Domaine Evremond and Simpsons making history in Kent
As Pierre-Emmanuel Taittinger plants the first of 20 hectares of vines in Kent, so he makes history by being the first French Champagne house to plant vines in England. The farm at Chilham has been re-named Domaine Evremond after Pierre-Emmanuel’s Eighteenth Century ancestor and Pierre-Emmanuel explains to Geoffrey Dean what the company plans to do in the UK and his love of English sparkling wine. On the same day, Simpsons wine estate was also making a bit of history of its own by undergoing massive expansion.
By Geoffrey Dean May 9, 2017
We will have to wait until 2023 for the first of bottles of Domaine Evremond to be ready to drink. Taittinger plans to produce 300,000 bottles a year with the estate doubling in size over the next two to three years. Simpsons, meanwhile, are targeting 250,000 bottles of English sparkling wine per annum.
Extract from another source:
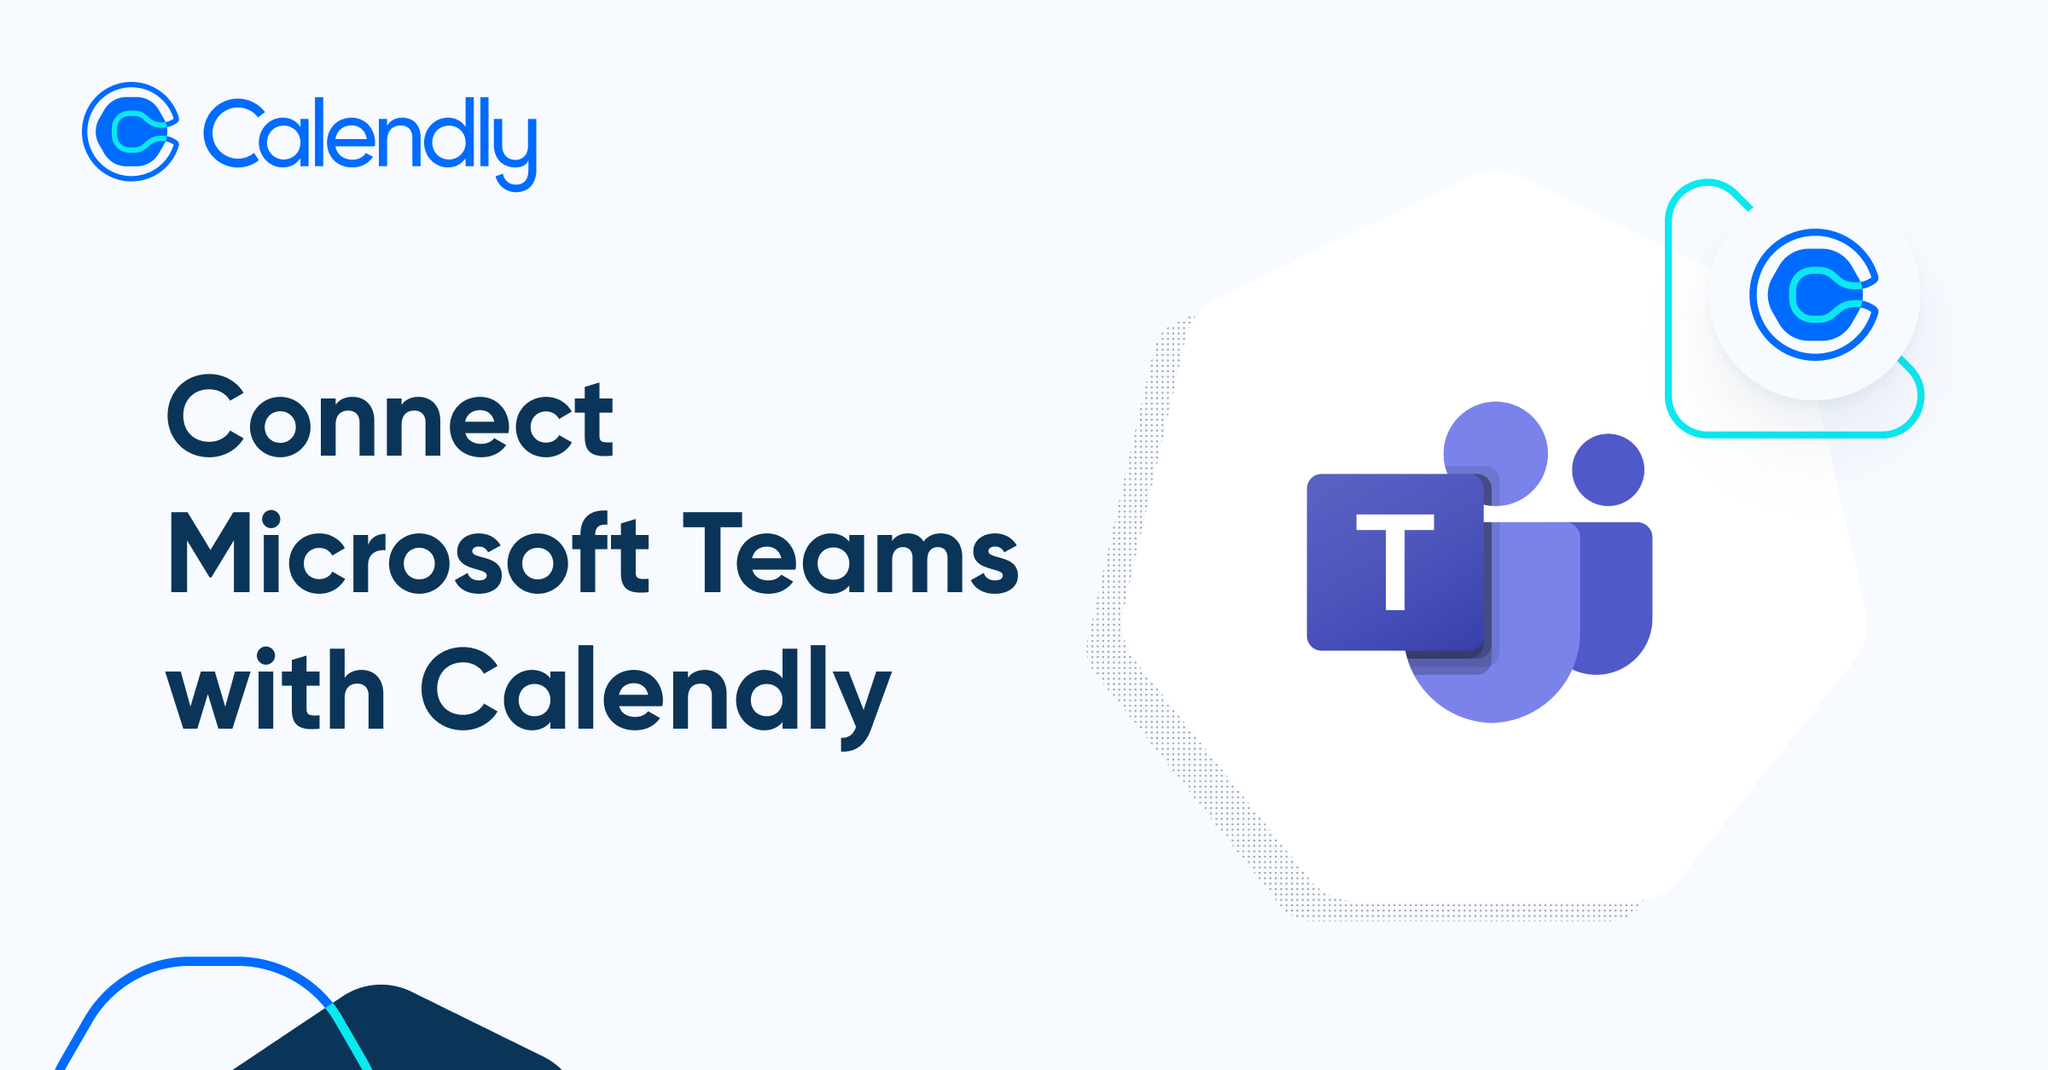 Does Calendly Work With Microsoft Teams?

A little bit of history was written in Kent this week when Taittinger became the first Grande Marque Champagne house to plant vines in the UK with a view to making premium English sparkling wine.
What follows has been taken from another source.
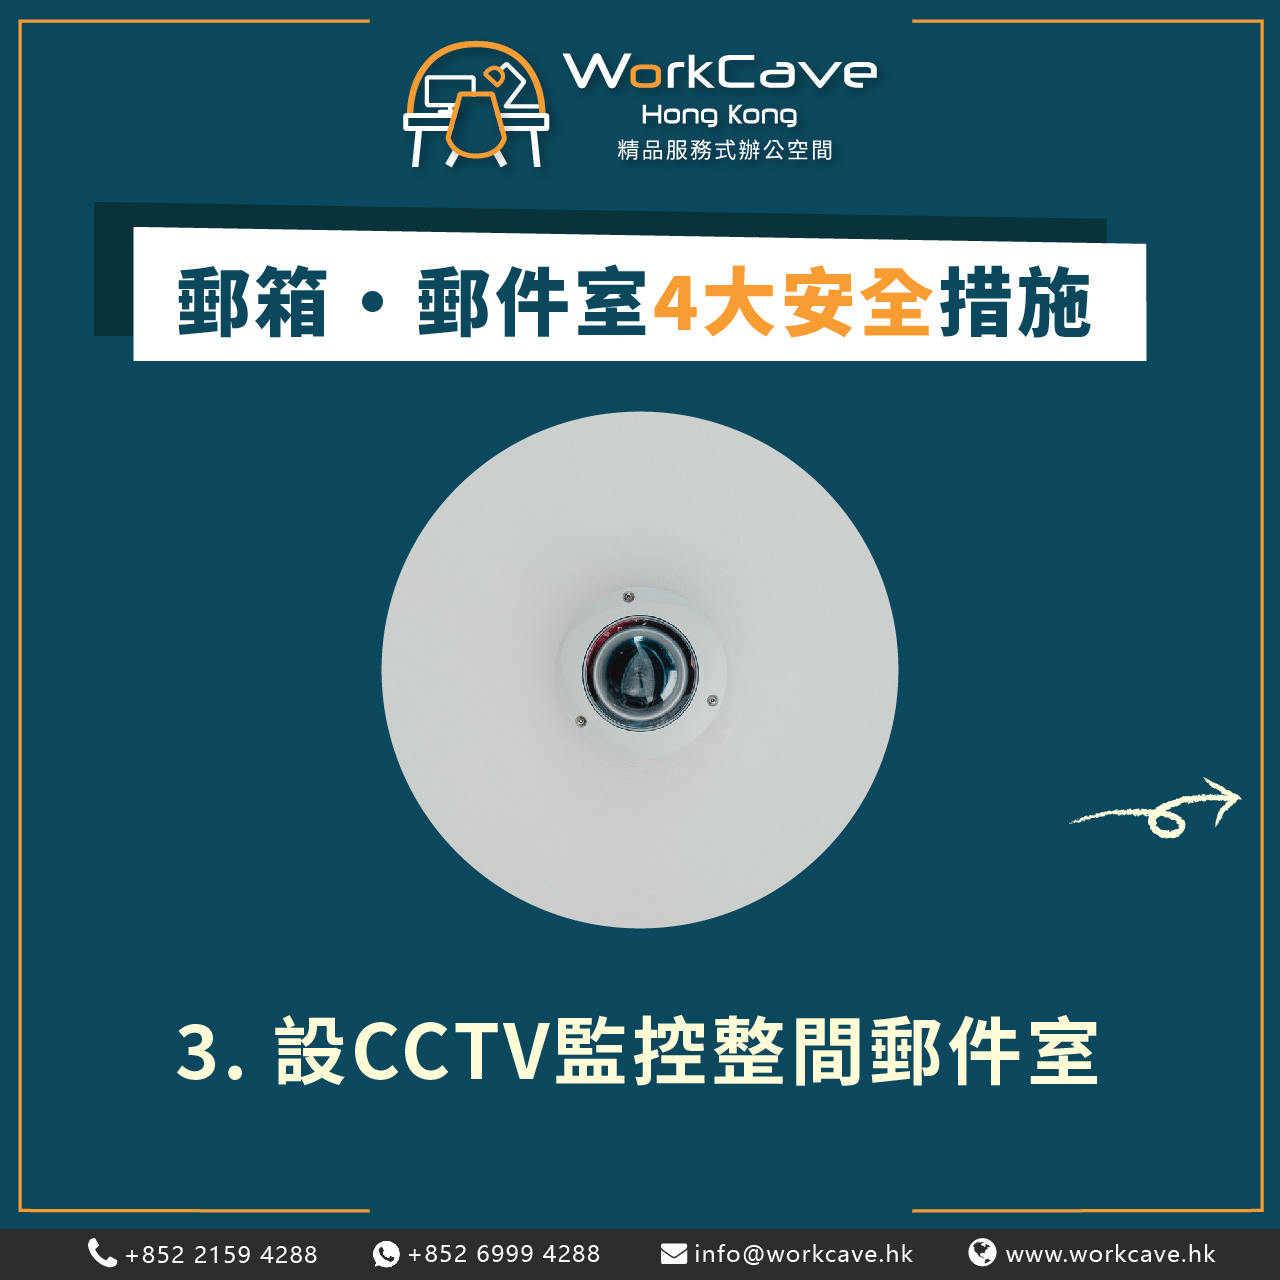 CCTV in mail room

The five-day planting sessions, which began to great fanfare last Wednesday, saw the first of 100,000 vines go into English terra firm over some 20 hectares. These comprised 9.7 ha of Pinot Noir, 7.3 ha of Chardonnay and 3 ha of Pinot Meunier.
Pierre-Emmanuel Taittinger and his family, along with members of his Champenois technical team, were joined by members of the British wine trade and associates on what used to be Stone Stile Farm, an East Kent property near the village of Chilham.
A former fruit farm, it was bought from Mark Gaskain, one of a group of private investors who have collaborated with Taittinger and their UK distributors, Hatch Mansfield, to make the venture possible. Taittinger have a controlling 55% stake, and have renamed the farm Domaine Evremond after the Champagne-loving Frenchman, who was exiled to England and eventually buried in Westminster Abbey in 1703.
The flamboyant Pierre-Emmanuel spoke of his ‘great affection’ for Kent and England.
“My father twinned Canterbury with Reims when he was mayor of the latter in the 1950s,” he said. “We have been very impressed by the quality of English sparkling wine, and we believe the combination of chalk soils, climate and topography of our site in Kent are very similar to our terroir in Champagne.”
Addressing a dozen or so Kent producers who attended the planting, he added: “Be sure, we will try to be at your level with Evremond. We are all here to develop a signature of excellency, and we are going to do something very nice in this beautiful part of the world. We are going to reinforce the human project of our two teams – this human factor for me is absolutely essential. The Brexit does not exist in our hearts. I put Evremond under the protection of the Queen.”
Taittinger plan to increase the Chilham vineyards to a total of 40 hectares over the next two to three years. The first premium English sparkling wine from Domaine Evremond should be released in 2023, after three years of lees ageing. The goal eventually is to produce 300,000 bottles per annum, although the company are keen to buy or rent another site in Kent. It must, however, be below 100 metres, south-facing, on chalk and sheltered.
Simpsons also planted 40,000 new vines on the same day in Kent
Fifteen miles or so East of Chilham, at Barham on the other side of Canterbury, can be found Simpsons, an English wine estate which itself planted 40,000 new vines on the same day as Evremond.
This takes its total area under vine to 90 acres after prior plantings in 2014 and 2016 in their Roman Road vineyard.
Owned by Charles and Ruth Simpson, who started making wine in the Languedoc at Domaine Sainte Rose in the early millennium, the winery produced its first wine last year – 680 bottles of a still Chardonnay from 100% estate-grown fruit. The ambitious Simpsons want, however, to concentrate their efforts on premium sparkling wine made from Pinot Noir and Pinot Meunier, with 250,000 bottles per year the target.
The first release of their sparkling wine will be in December 2018. Naked Wines has already pre-sold around 80% of it.
“We wanted to set aside a small quantity of Chardonnay to make our first still wine from the estate, and we are very happy with the result,” Charles Simpson told The Buyer. “Primary and malolactic fermentation took place in stainless steel tanks in our new winery, before the wine spent three months in French oak barrels. If the weather allows, we hope to be able to continue to produce a small amount of the Roman Road Chardonnay in future years.”